(Goal of the exercise) With pictures omitted, restate the data word for word.

(Exercise data)
*****
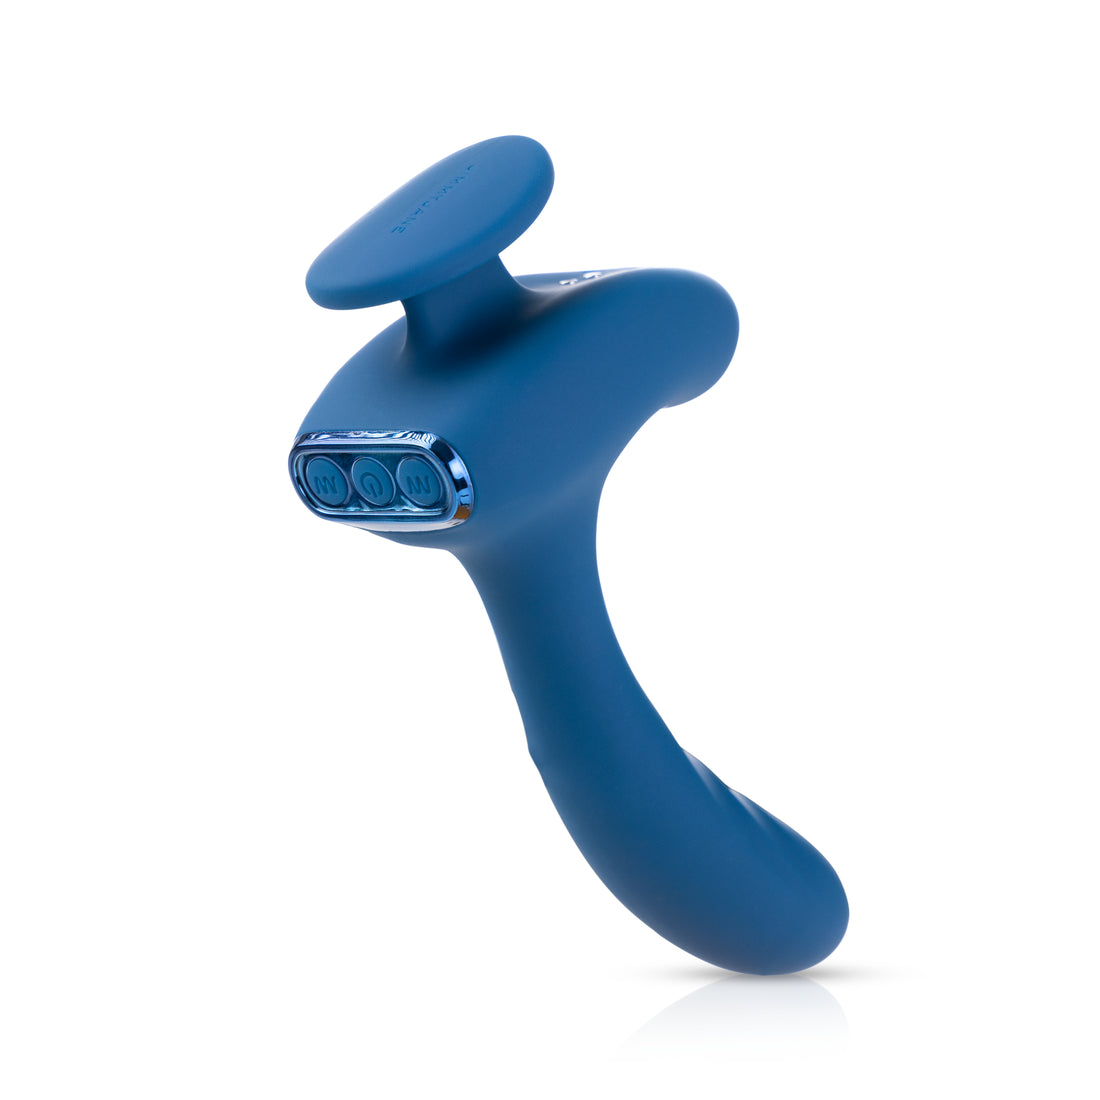 Solis™ Kyrios prostate massage silicone vibrator
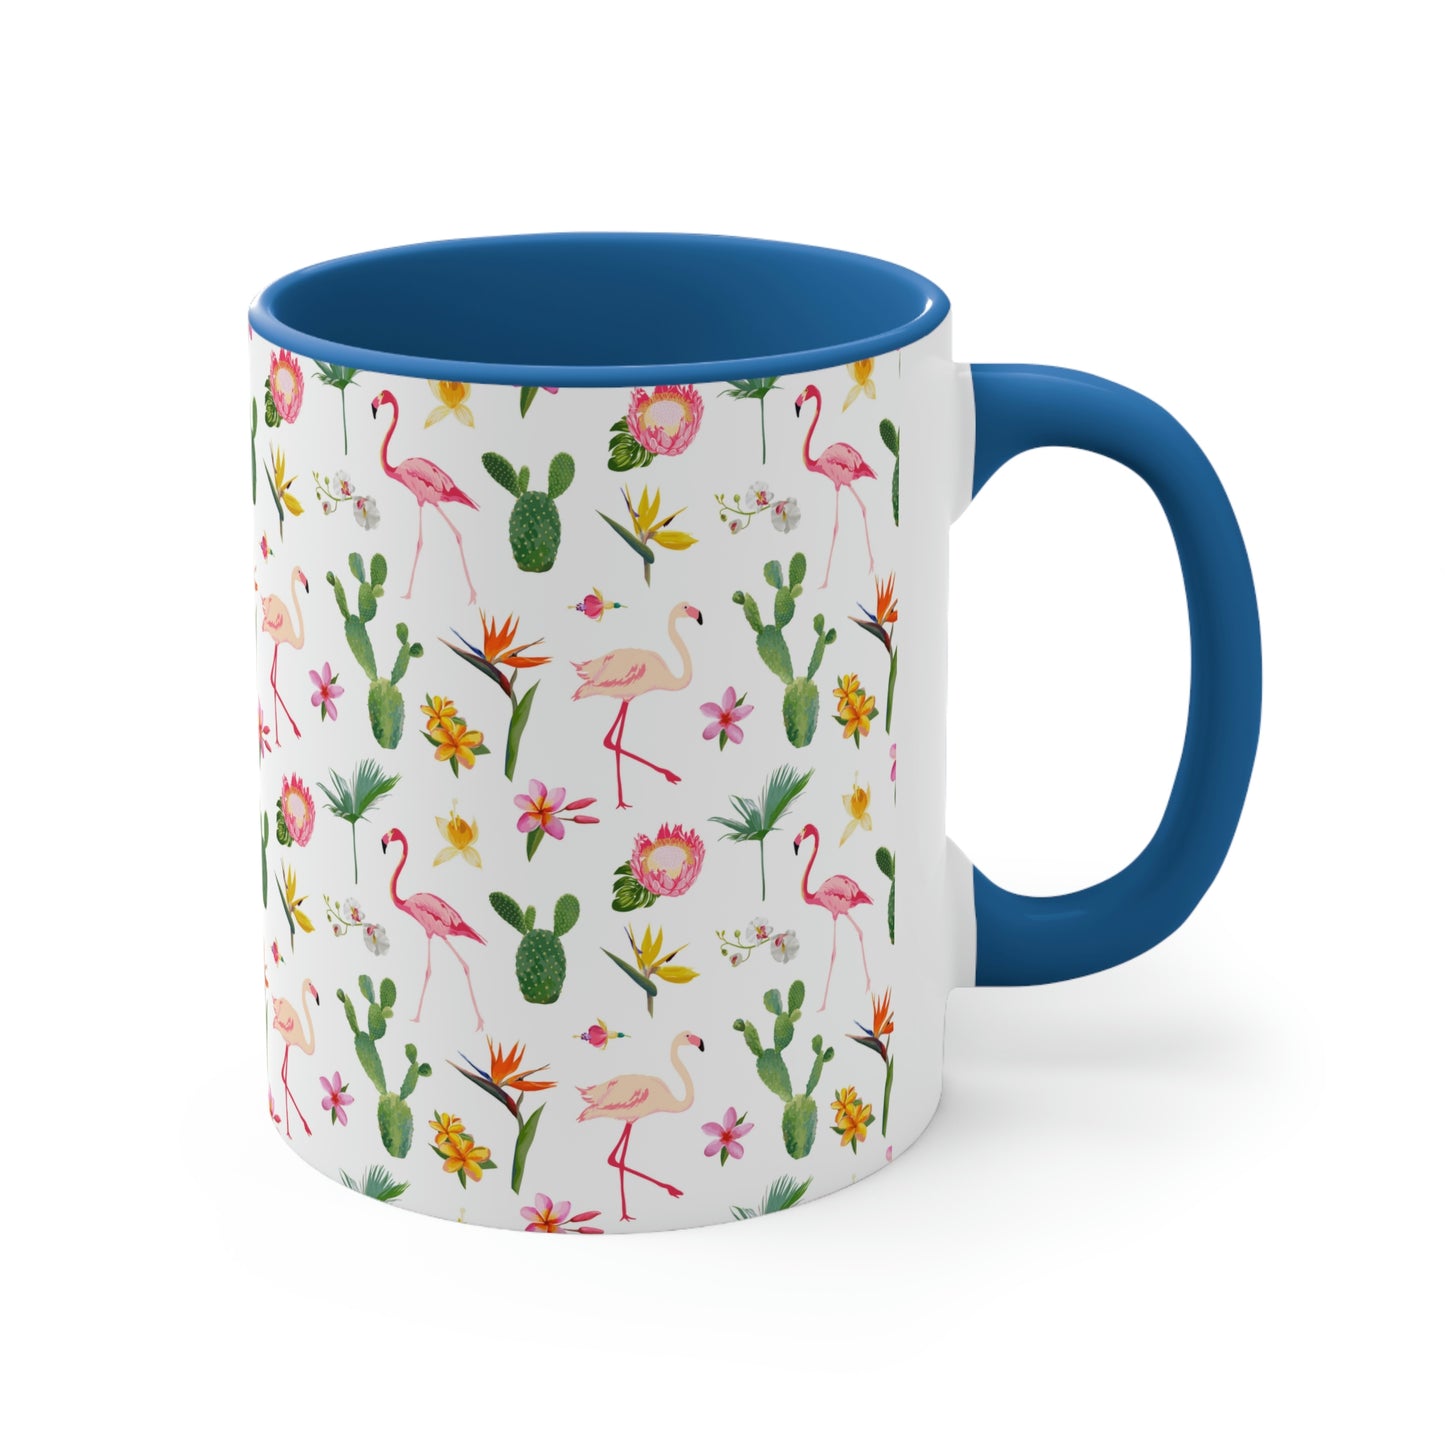 Cactus and Flamingos Accent Coffee Mug, 11oz
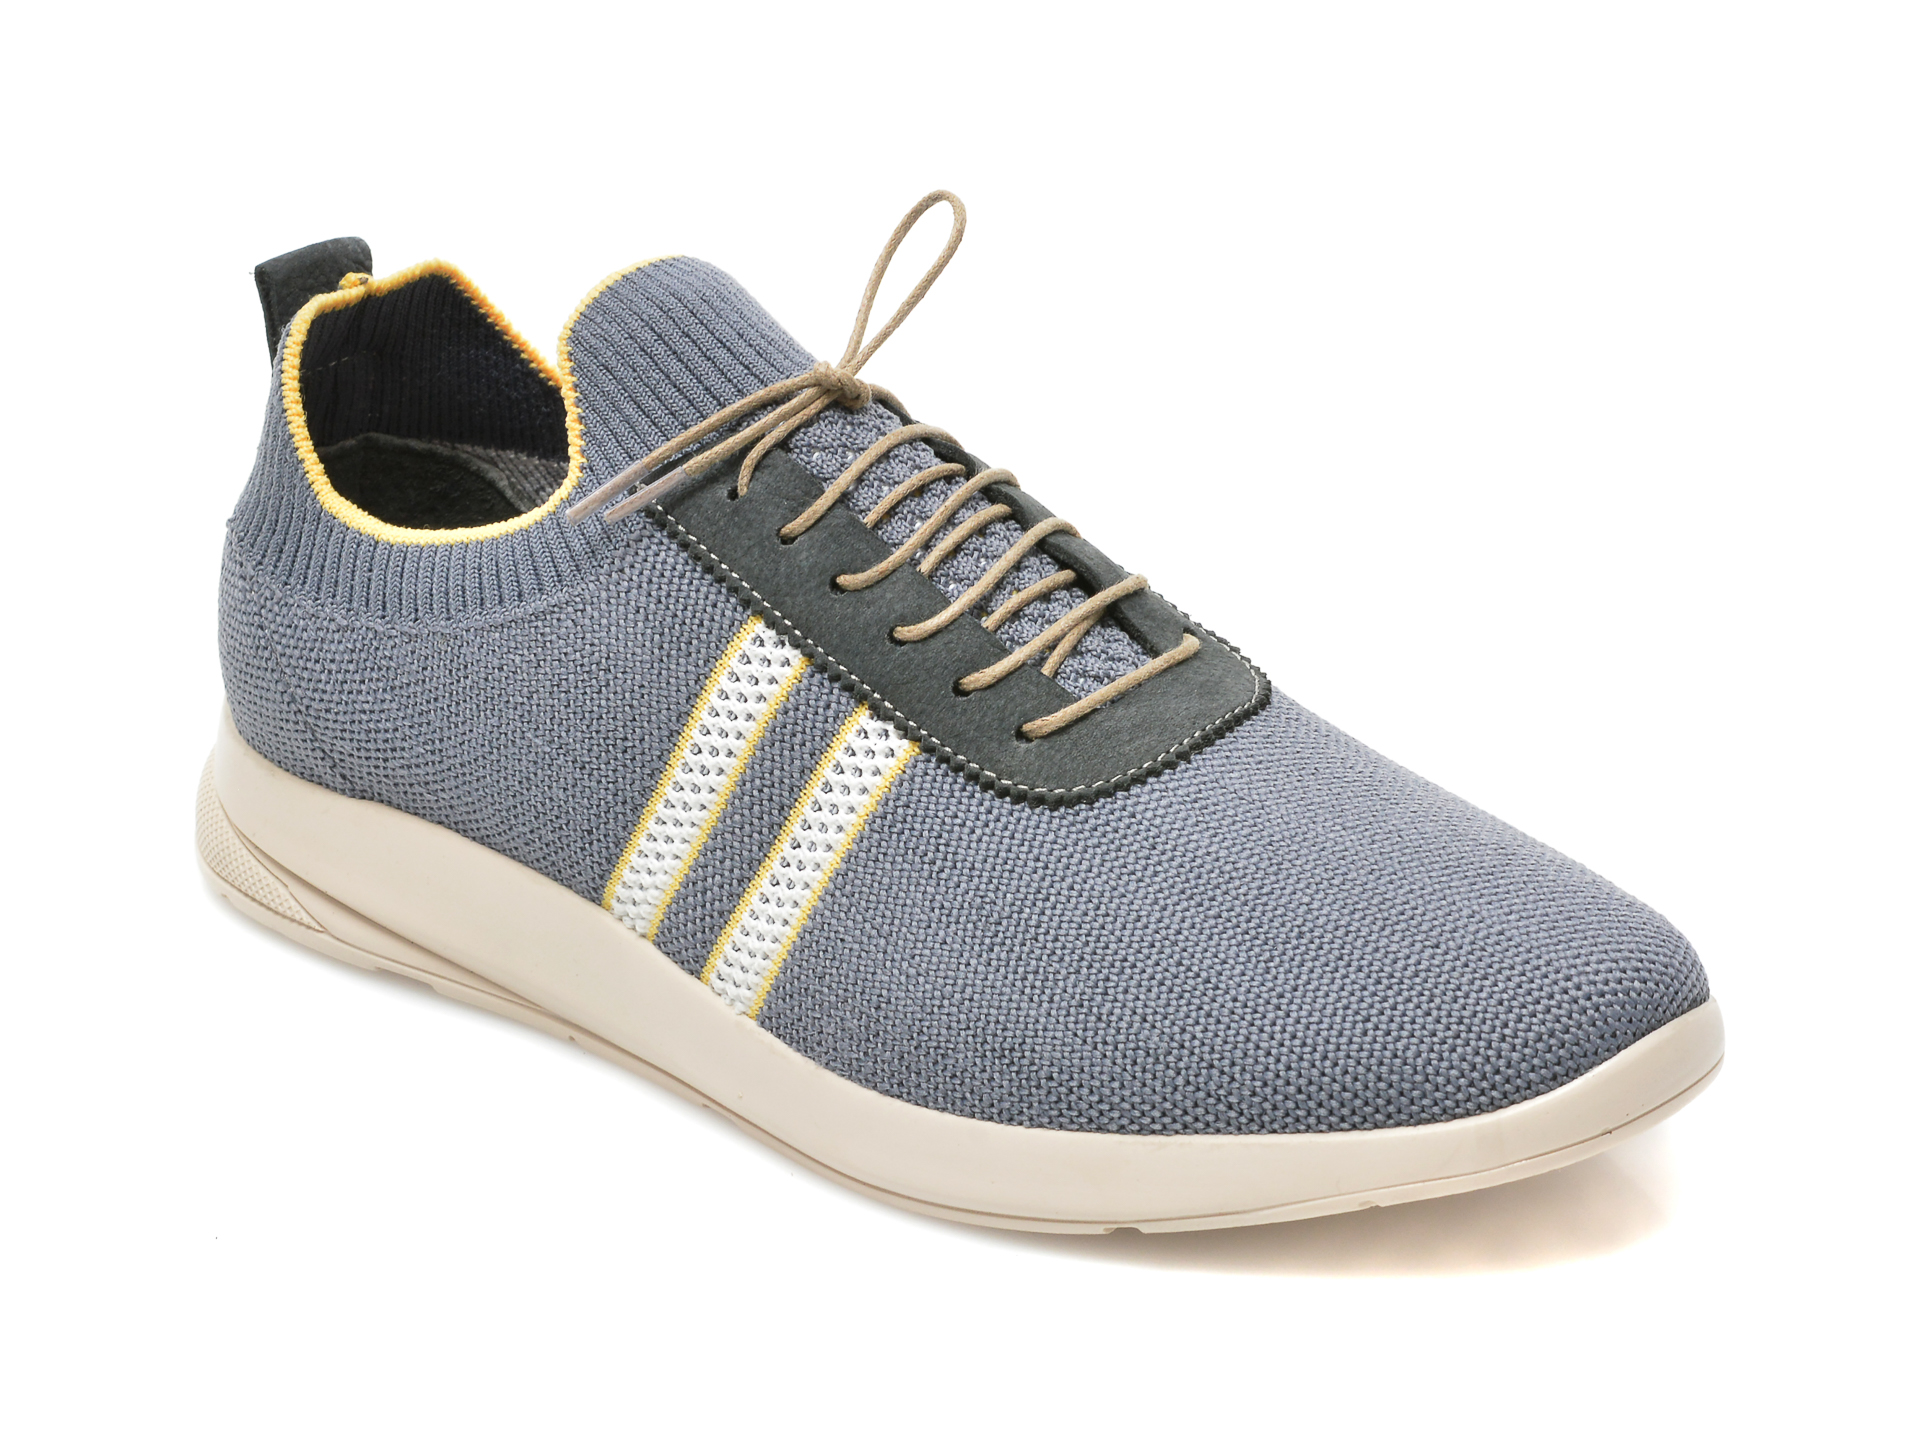 Pantofi sport ENES albastri, 22300, din material textil /barbati/pantofi
*****
(Written response)
 Solis™ Kyrios prostate massage silicone vibrator
 Cactus and Flamingos Accent Coffee Mug, 11oz
 Pantofi sport ENES albastri, 22300, din material textil /barbati/pantofi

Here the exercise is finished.